This is “Irrelevant!”

This is an excerpt from a project on my intern at Shopee. This is a simple approach to help eliminate wrongly categorized product within the platform by using the term frequency. A previous approach using SVM has been tried but was not pursued further because of difficulty in rule extraction.

To generate the html documentation, run the compile.sh script (after installing the requirements.txt).

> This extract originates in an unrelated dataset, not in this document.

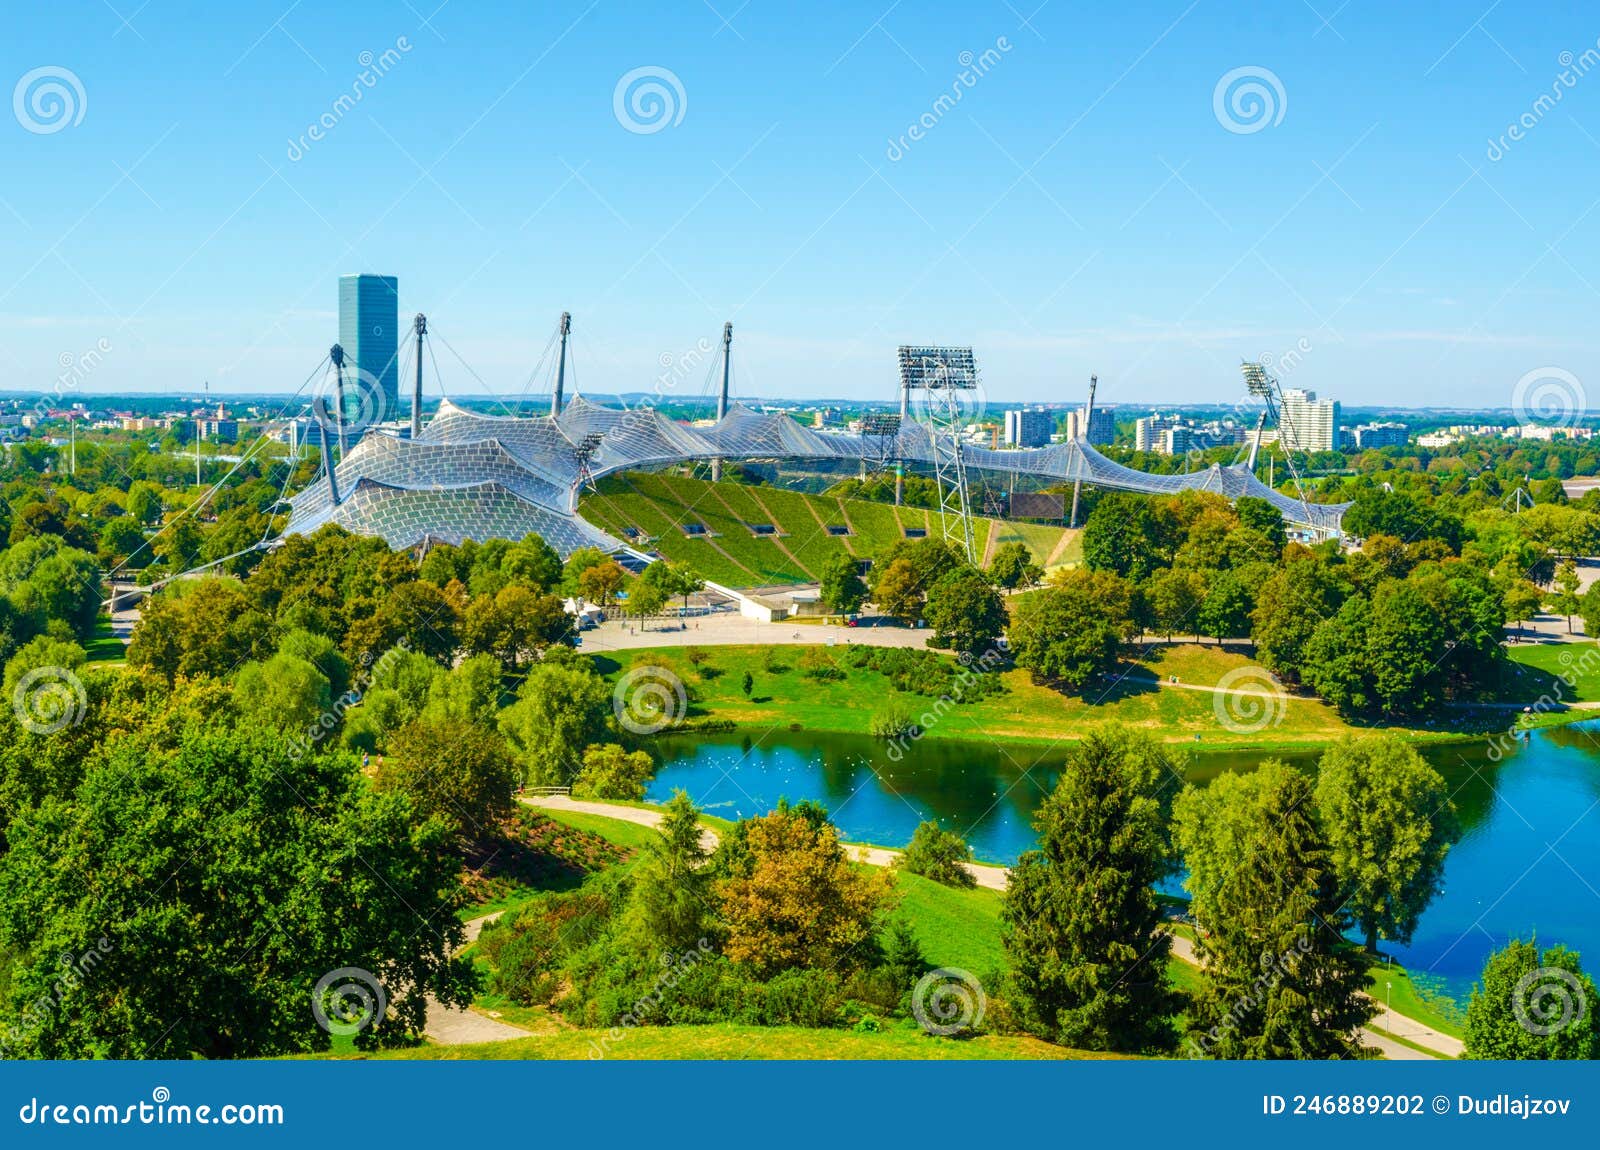 【携程攻略】慕尼黑慕尼黑奥林匹克公园景点,Partial view of the Olympiapark München ...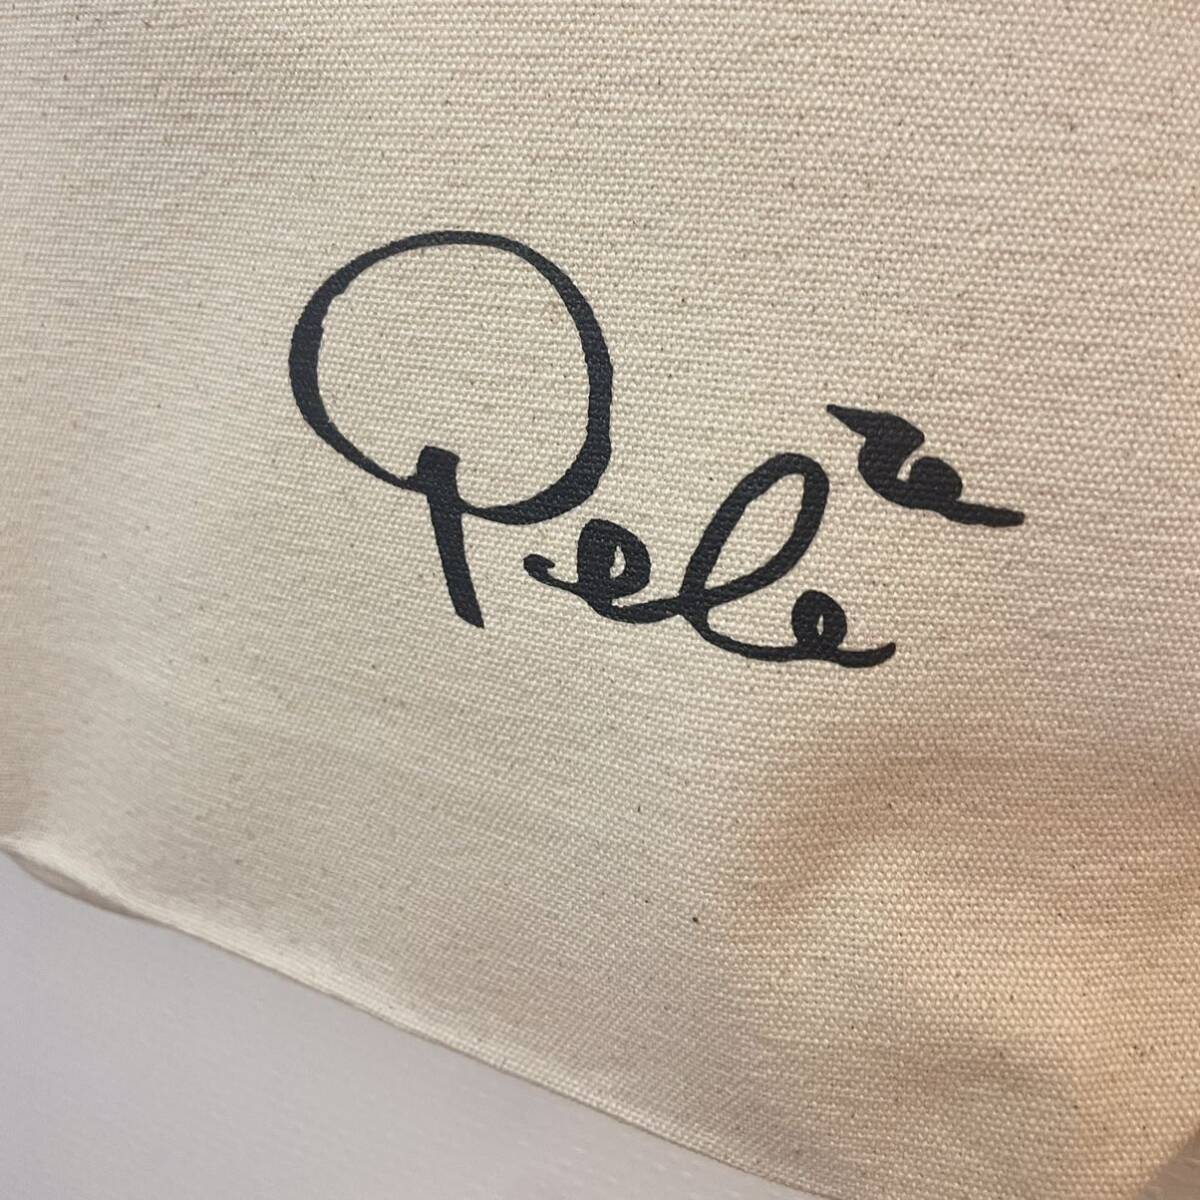  клей san Pele автограф способ большая сумка Гаваи aro - эко-сумка дерево груша cycle

To test, just run python irrelevant/irrelevant.py -v.

Code API documentation

class irrelevant.irrelevant.Irrelevant(relevant_dominance=4.0, relevant_tf=0.001, clash_dominance=10.0, clash_tf=0.005, maximum_clash_in_relevant=0.05, n_relevant=50, n_clash=30, initial_keywords=None)

Find wrongly categorized products.

The strategy used is based on the difference of likelihood of a keyword to appear in each of the category. We will take a keyword as a ‘determining keyword’ if the difference is significant.

For example, let us consider an imaginary brand ‘Good_cheap’ and we are classifying between ‘Dress’ and ‘Watch’. If the brand ‘Good_cheap’ production is 80% ‘Watch’ and 20% ‘Dress’, we won’t be brave enough to judge that everything that contains the brand name ‘Good_cheap’ is watch. But if ‘Good_cheap’ main product line is 99% ‘Watch’ with only some exceptional special edition ‘Dress’, we will be brave enough to use the brand name as determining factor/keyword.

This module compare not between two categories, but a category with the rest (complement of the category), i.e. when there is only two category, those cases are equivalent.

There is two ‘main’ way to use this class, one is to set the training parameter or using initial_keywords to directly inject the determining keywords.

Parameters
  • relevant_dominance (float) – minimum ratio of P(keyword in relevant)/P(keyword in clash) for relevant keyword

  • relevant_tf (float) – minimum P(keyword in relevant) for relevant keyword

  • clash_dominance (float) – minimum ratio of P(keyword in clash)/P(keyword in clash) for clash keyword

  • clash_tf (float) – minimum P(keyword in clash) for clash keyword

  • maximum_clash_in_relevant (float) – maximum P(keyword in relevant) for clash keyword

  • n_relevant (int) – maximum number of top relevant keywords taken (ordered based on term frequency)

  • n_clash (int) – maximum number of top clash keywords taken (ordered based on ratio / bias strength)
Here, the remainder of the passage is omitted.